Supplied records ▸
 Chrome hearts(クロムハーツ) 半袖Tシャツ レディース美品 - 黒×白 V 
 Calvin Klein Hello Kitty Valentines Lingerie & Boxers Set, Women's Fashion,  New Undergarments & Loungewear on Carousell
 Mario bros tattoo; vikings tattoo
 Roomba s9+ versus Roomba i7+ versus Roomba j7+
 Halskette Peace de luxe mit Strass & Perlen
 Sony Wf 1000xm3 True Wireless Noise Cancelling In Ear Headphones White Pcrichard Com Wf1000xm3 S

Task description ▸ Begin at the line above that has "Calvin Klein Hello" and stop after the line that has "Halskette Peace de luxe mit Strass & Perlen", copying each line exactly and adding nothing else.

Response box ▸
 Calvin Klein Hello Kitty Valentines Lingerie & Boxers Set, Women's Fashion,  New Undergarments & Loungewear on Carousell
 Mario bros tattoo; vikings tattoo
 Roomba s9+ versus Roomba i7+ versus Roomba j7+
 Halskette Peace de luxe mit Strass & Perlen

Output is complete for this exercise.